И она вся покраснела, схватила меня за руку и зажала мне рот.

Я смеялся и все-таки вспоминал про себя, как раз она вышла из купальни, зашла глубоко в омут и, не умея плавать, начала тонуть; как я увидал это и, сбросив сюртук и сапоги, кинулся в воду и вытащил ее здравой и невредимой. Этот случай, в котором я фигурировал в качестве героя-спасителя, в тихой деревенской жизни был целым событием, о котором передавалось и рассказывалось всем соседям и дальним, и ближним чуть не целых два года.

— Лена, а если бы ты тогда утонула? Если бы я тебя не спас?

— Ну так что ж? Мы теперь не сидели бы здесь с тобой рядом… И только! ха! ха! ха! Ах, какой ты смешной! Мало ли что могло случиться и не случилось.

— Если бы ты утонула, то я бросился бы в воду в том самом месте, где ты утонула, и тоже бы утонул…

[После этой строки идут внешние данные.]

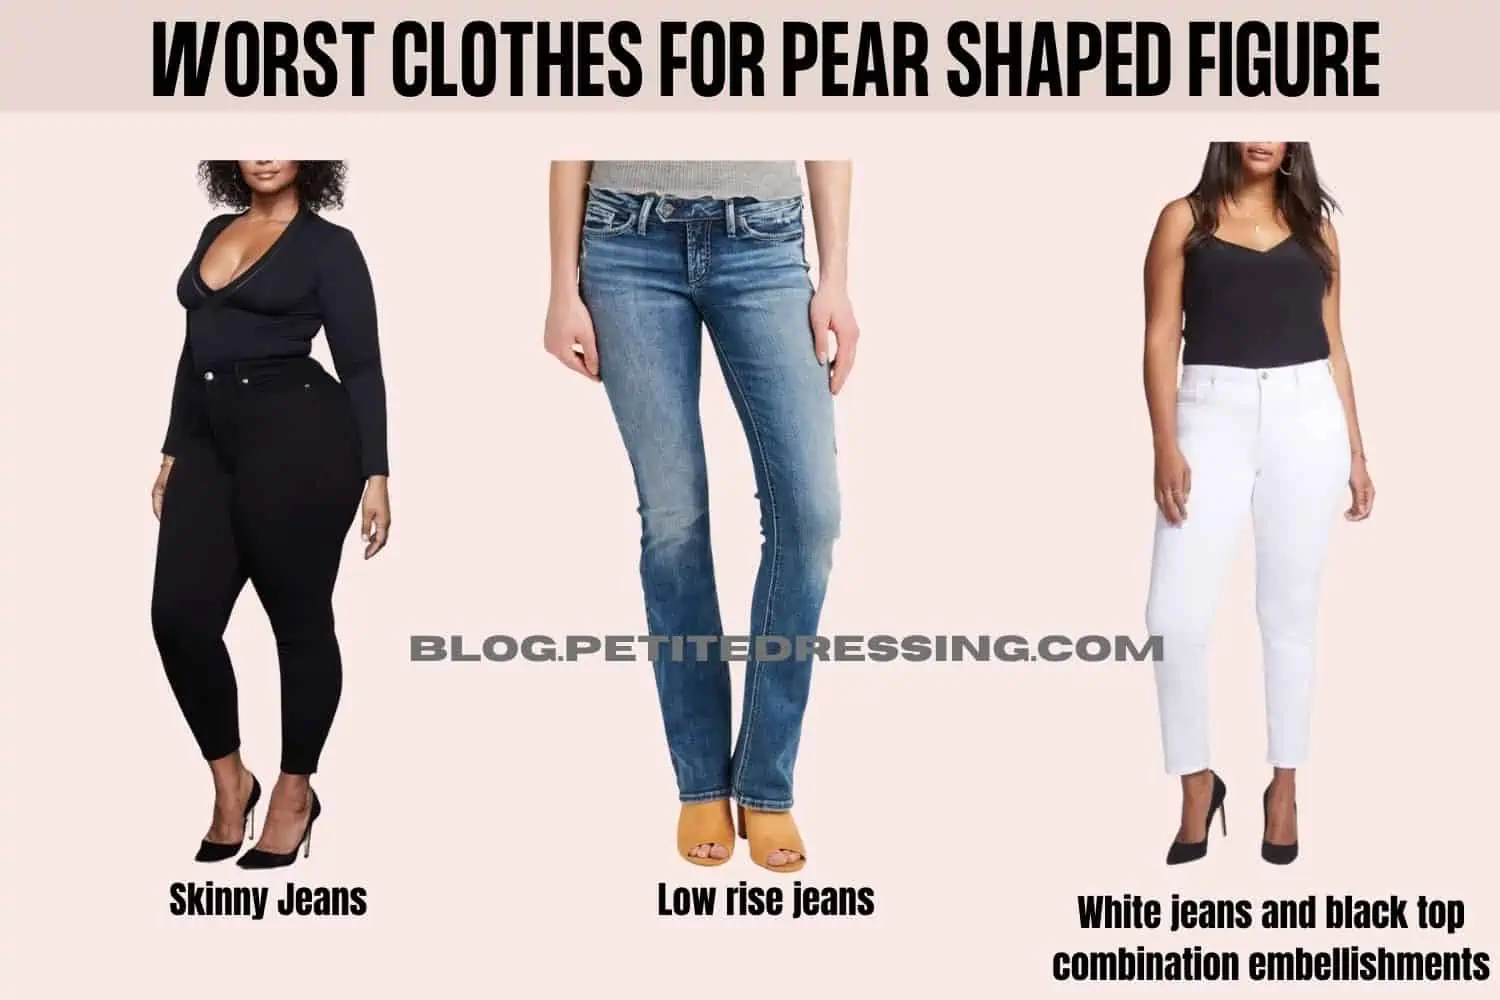 How to look slim if I have a pear shaped body (man) - Quora

— Вздор! Вздор! Не смей об этом говорить… Слышишь, не смей!!

И она схватила меня за руки и смотрела прямо, сурово мне в лицо своими прекрасными голубыми глазами.

XCIII

Строго говоря, ее нельзя было назвать красавицей. У нее был крутой открытый лоб, пухленькие губки и несколько толстоватый, вздернутый кверху носик. Но она была необыкновенно мила, симпатична. С ней сердцу как-то легко дышалось, свободно. С ней чувствовалось что-то теплое, сердечное, родное. И может быть, это вследствие того, что она была необыкновенно проста, откровенна, бесхитростна.

— Лена, — спросил я, — сколько тебе лет теперь?

— Сорок лет, три месяца и два дня.

И она засмеялась.

— Нет! Кроме шуток.

— Я старше тебя четырьмя годами.

— Нет! Ты моложе меня четырьмя годами. — Я не выпускал из своей руки ее маленькой, пухленькой ручки с тоненьким колечком змейкой и вдруг почувствовал, что крохотная ручка и все существо этой милой, доброй девушки стали мне удивительно дороги. Я нежно, с глубоким уважением прижал эту ручку к губам.

— Это что за нежности! — удивилась Лена.

— Лена! Я люблю тебя.

— Еще бы ты не любил. Ведь я сестра твоя.

— Какая же сестра! Троюродная… Нет! Лена, я люблю тебя крепче, сильнее: чем «40 тысяч родных братьев».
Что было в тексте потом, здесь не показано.